Abbey and I sit at the finished wooden table for nearly three hours, watching the escapades of Johnny Depp, Orlando Bloom, and Keira Knightly. When the movie ends, we talk and laugh for a few minutes until Mrs. Hudson reenters the room.
“Annabeth, it’s almost time to go,” she says. I swing my purse over my shoulder, slip my Blue Lagoon Vera Bradley lunchbox into the crook of my elbow, and slide my binder under by arm. Mrs. Hudson leads me out the door and says goodbye to me, so I respond with a tentative “Bye” and start out on my journey to the west hall, where my locker is.
“How’d it go?” I familiar voice whispers into my ear, causing my to drop everything I have. I scream and whip around.
“Oh, it’s you,” I say, leaning over to catch my breath.
“Thanks, I love you too. Best friends forever,” the eight-grader says. “Hey, what’s your name?”
“Annabeth, I say. I reach down to pick up my purse, lunchbox, and binder.

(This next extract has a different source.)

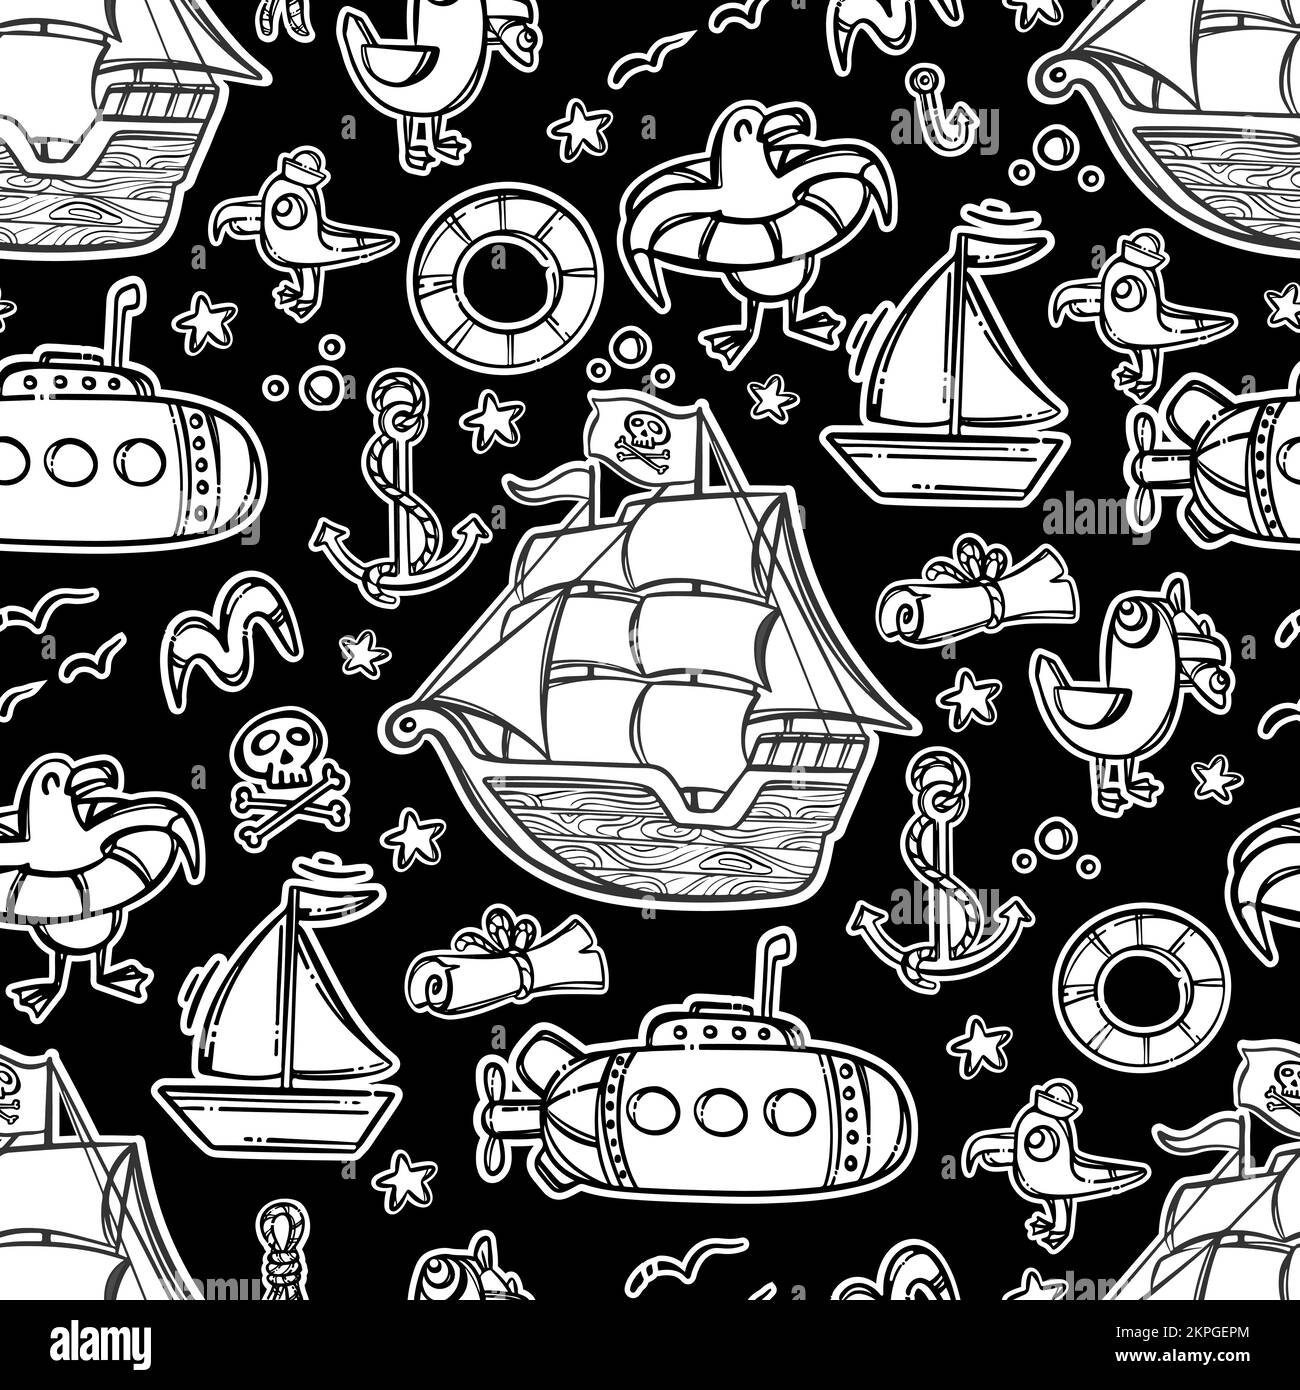 PIRATENSCHIFF MONOCHROM Cartoon handgezeichnetes Bild Seamless Pattern Vector Illustration auf schwarzem Hintergrund mit verschiedenen Meeresattributen Märchen für Stock Vektor
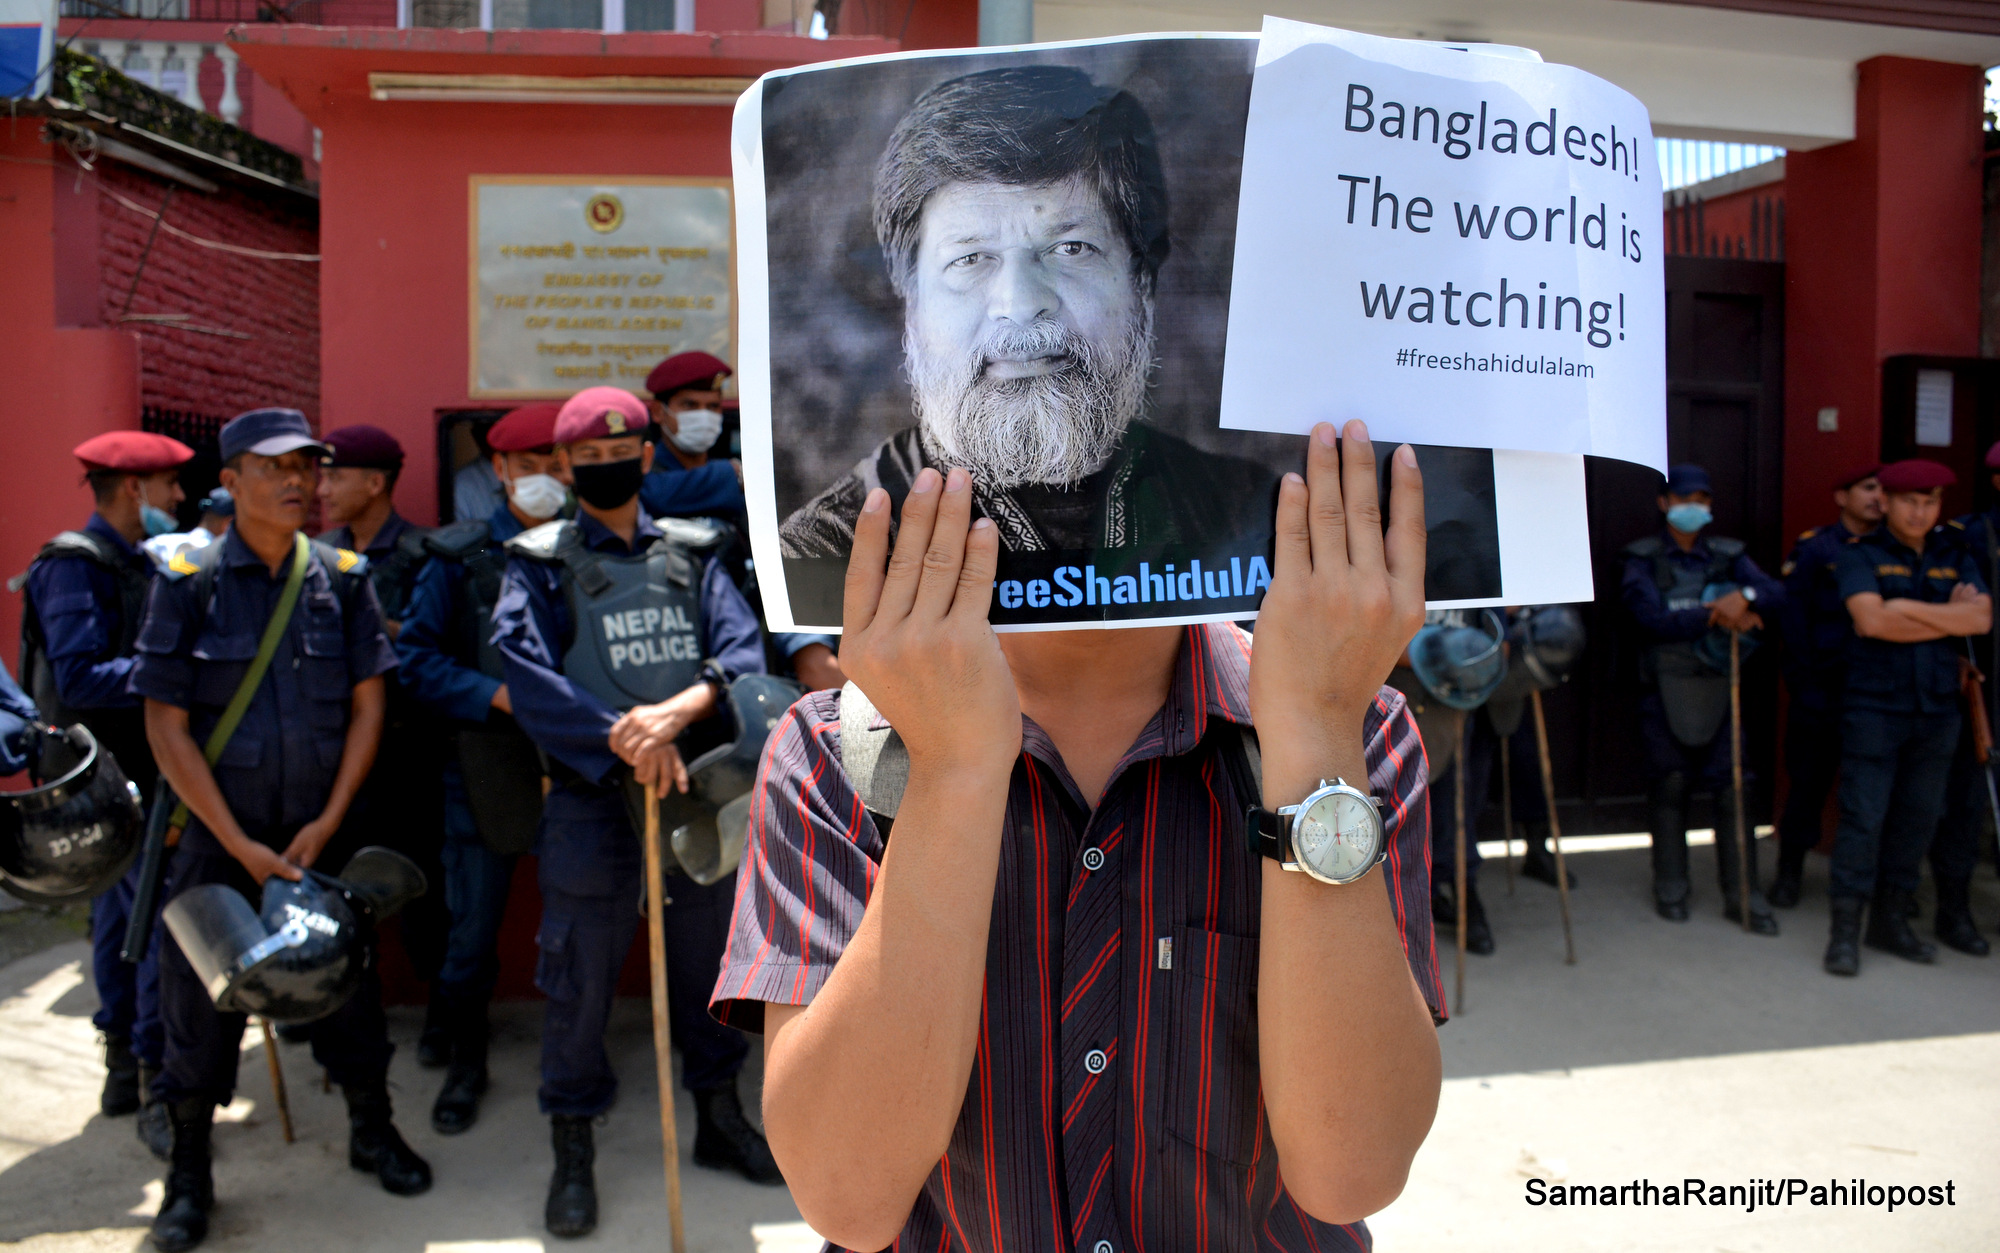 शाहिदुलको रिहाईको माग गर्दै काठमाडौंमा प्रदर्शन, दूतावास अगाडि फोटो पत्रकारको धर्ना

“I’m Blake,” he says as he beats me to it and hoists my purse in the air.
“Not fair,” I argue. “You’re like six feet tall. I’m five-four.”
“Hey, don’t exaggerate. I’m five-foot-eleven and a half.”
“Very funny,” I say, and Blake hands me my purse back. The bell rings, and a crowds of people flood out into the hallway.
“Crap,” Blake mutters. “I gotta go; all my stuff is still in my 7th period. See you tomorrow?”
“Tomorrow,” I whisper, and for the first time in all of this, I feel like I’m not alone.